# RECORDS FOR PROCESSING
____________

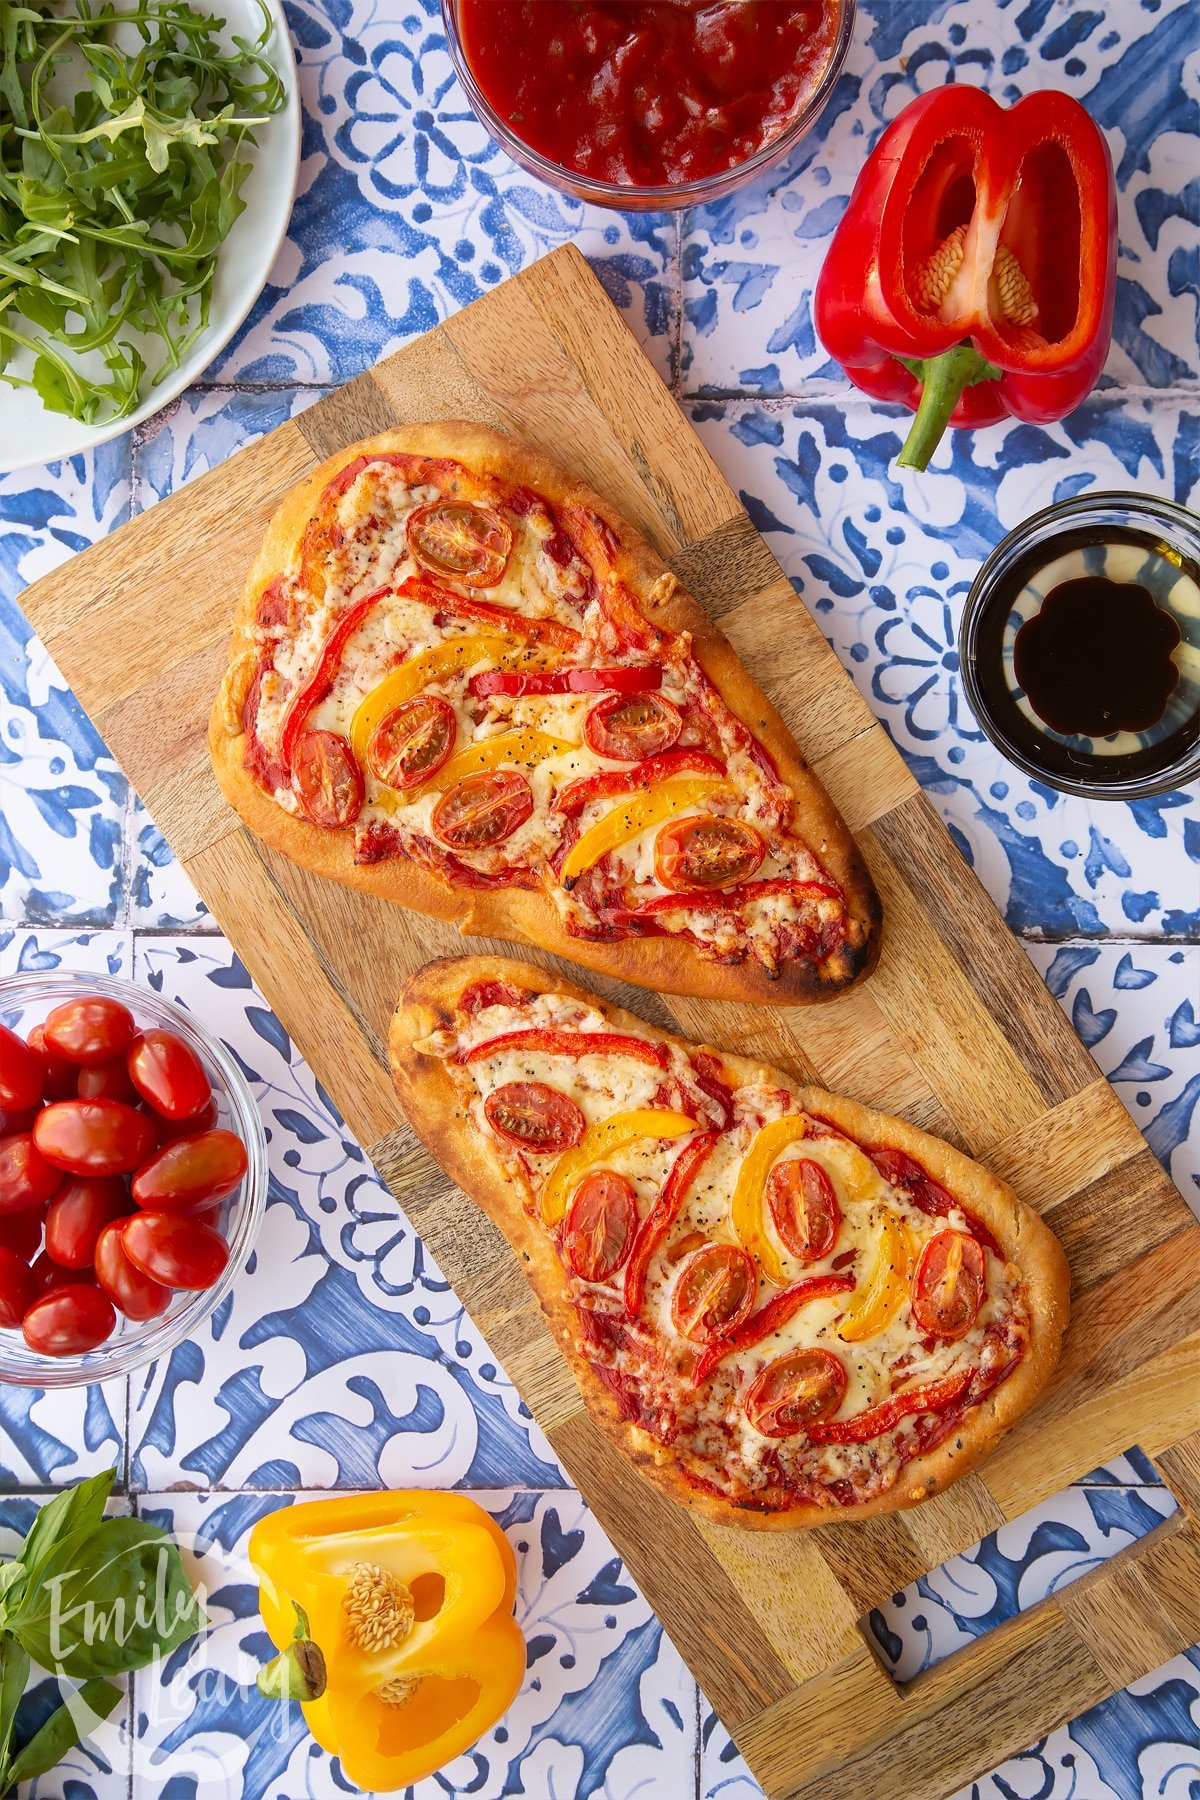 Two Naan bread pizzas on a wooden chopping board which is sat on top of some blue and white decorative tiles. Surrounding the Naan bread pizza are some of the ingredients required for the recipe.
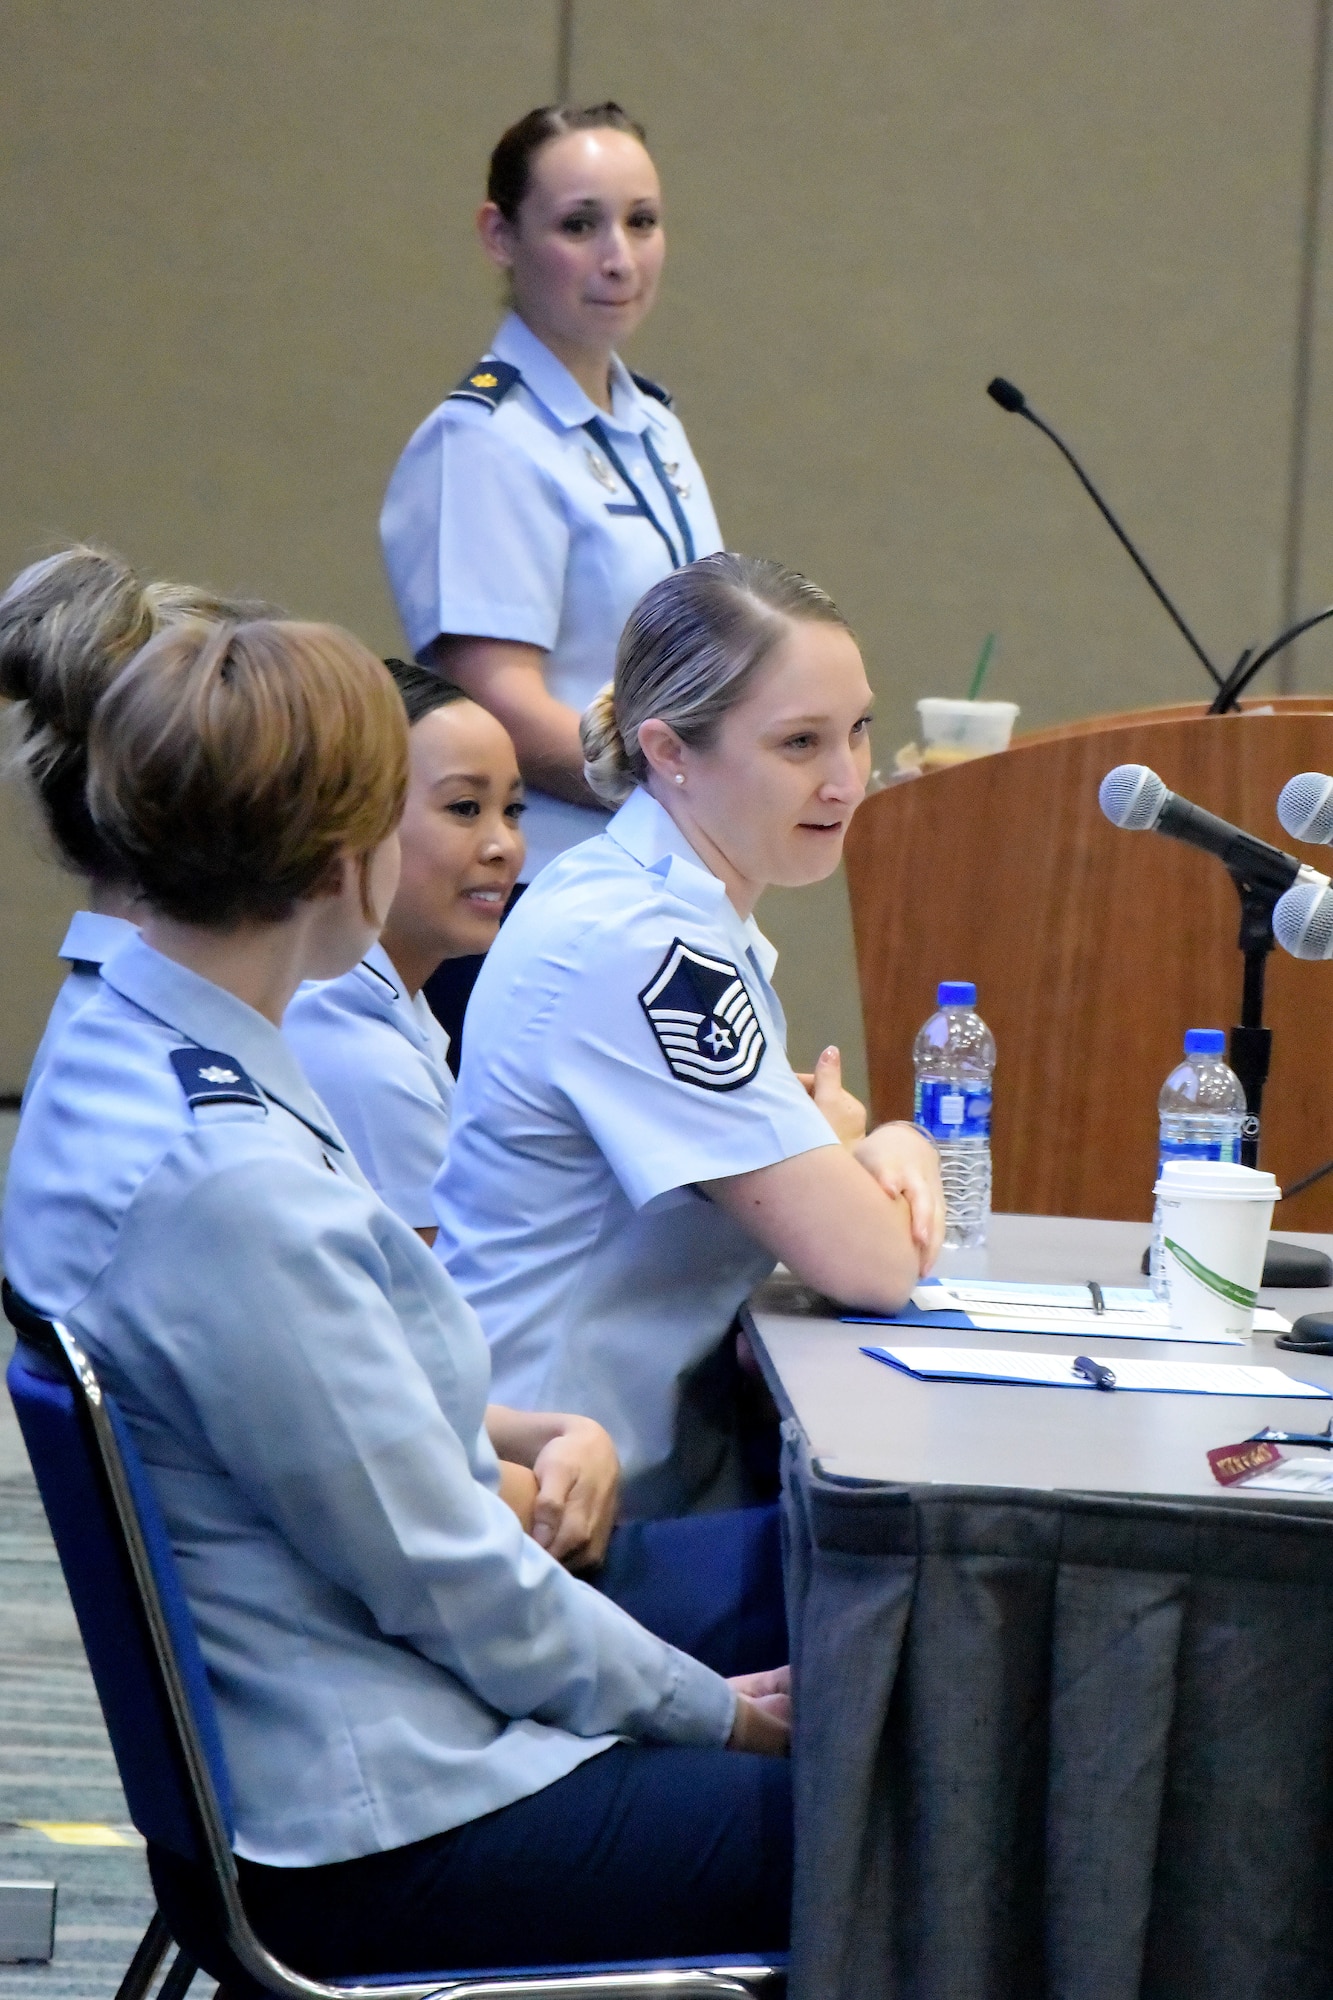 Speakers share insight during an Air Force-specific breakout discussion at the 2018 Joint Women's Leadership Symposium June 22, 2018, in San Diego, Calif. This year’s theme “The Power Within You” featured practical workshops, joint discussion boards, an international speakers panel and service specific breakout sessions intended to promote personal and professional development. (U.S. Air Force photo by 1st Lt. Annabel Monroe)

____________

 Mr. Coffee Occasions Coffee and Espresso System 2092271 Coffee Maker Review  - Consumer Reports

____________

# AIM OF THE TASK
Copy only these lines from the records above, exactly: the one with "Two Naan bread", the one with "Speakers share insight", and those between. Skip the pictures.

# RESPONSE TO THIS TASK
 Two Naan bread pizzas on a wooden chopping board which is sat on top of some blue and white decorative tiles. Surrounding the Naan bread pizza are some of the ingredients required for the recipe.
 Speakers share insight during an Air Force-specific breakout discussion at the 2018 Joint Women's Leadership Symposium June 22, 2018, in San Diego, Calif. This year’s theme “The Power Within You” featured practical workshops, joint discussion boards, an international speakers panel and service specific breakout sessions intended to promote personal and professional development. (U.S. Air Force photo by 1st Lt. Annabel Monroe)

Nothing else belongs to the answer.